Globe Road & Devonshire Street was a railway station on the Great Eastern Main Line, 1 mi 54 chain down the line from Liverpool Street. It was opened by the Great Eastern Railway on 1 July 1884 when the company quadrupled the double-track main line section, and it was situated close to the site of the former Devonshire Street terminus, which had closed in 1840.

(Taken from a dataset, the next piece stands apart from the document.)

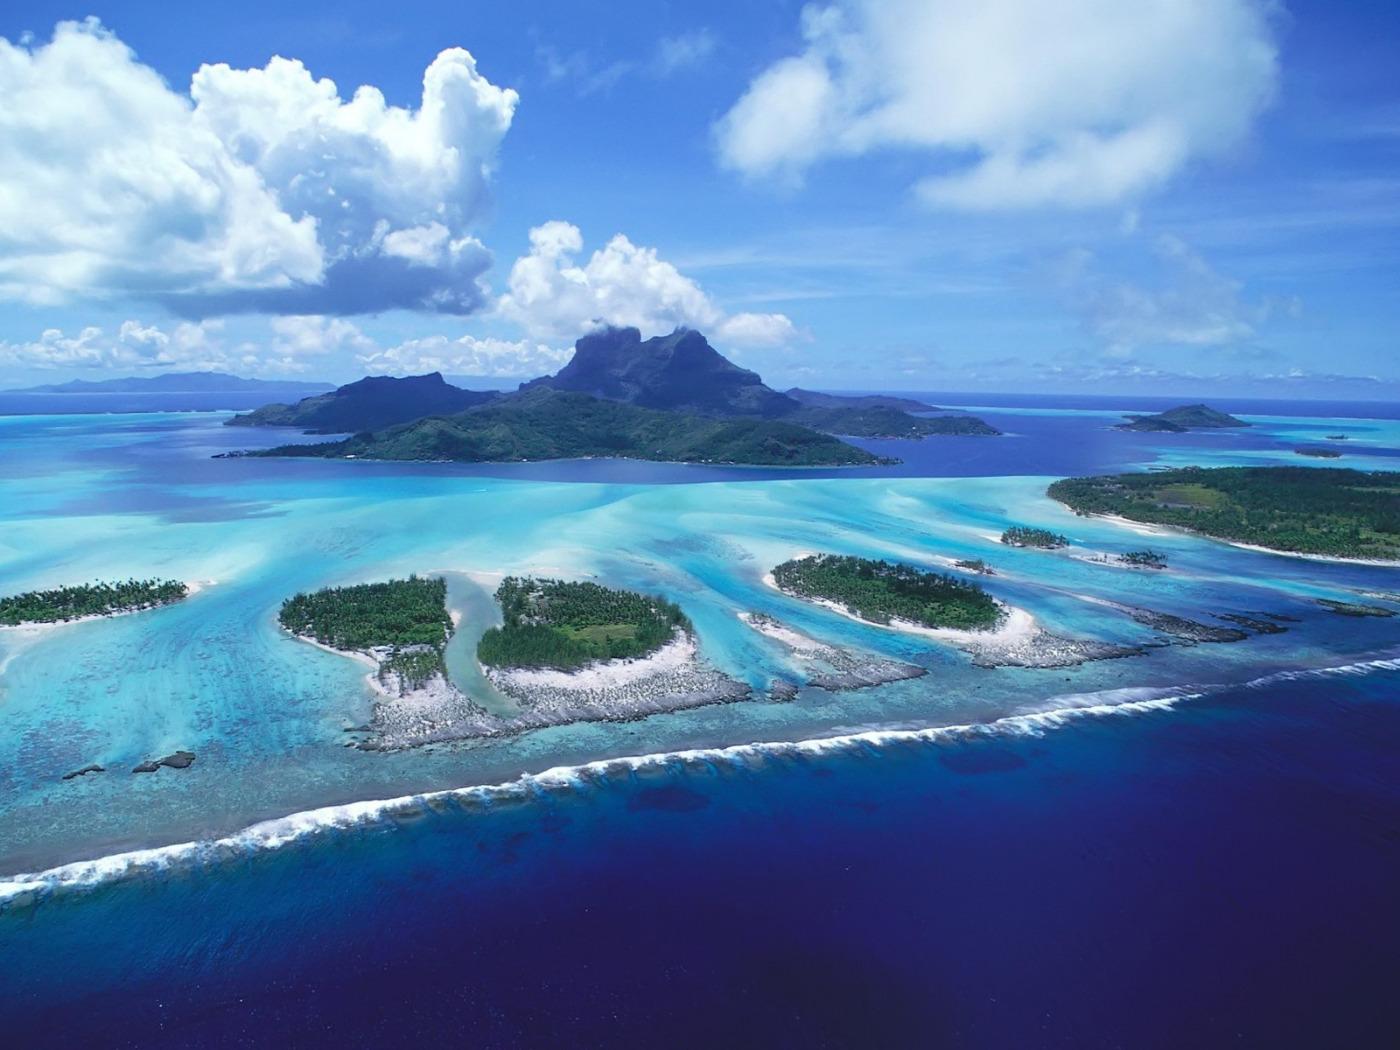 Фото островов на экран телефона

The station had two platforms which were served by the newly constructed line. The platforms were situated on a railway viaduct and the booking office was at street-level at the London-end in Globe Road. Passengers' comfort was provided in first and second-class waiting rooms, first and second-class ladies waiting rooms, a drinking fountain, and toilets. There was also a second booking office in Devonshire Street.

There were two signal boxes sited near the station, at Globe Street Junction and Devonshire Street, when it opened, although the former box closed in 1894 with the Devonshire Street box taking over its duties.

Competition from Stepney Green station on the Underground District line and wartime constraints (notably staff shortages) led to the closure of Globe Road & Devonshire Street station on 22 May 1916 and it never re-opened. At that time, many inner London stations were closed, including two nearby, Bishopsgate and ; there are now no intermediate stations between Liverpool Street and Stratford.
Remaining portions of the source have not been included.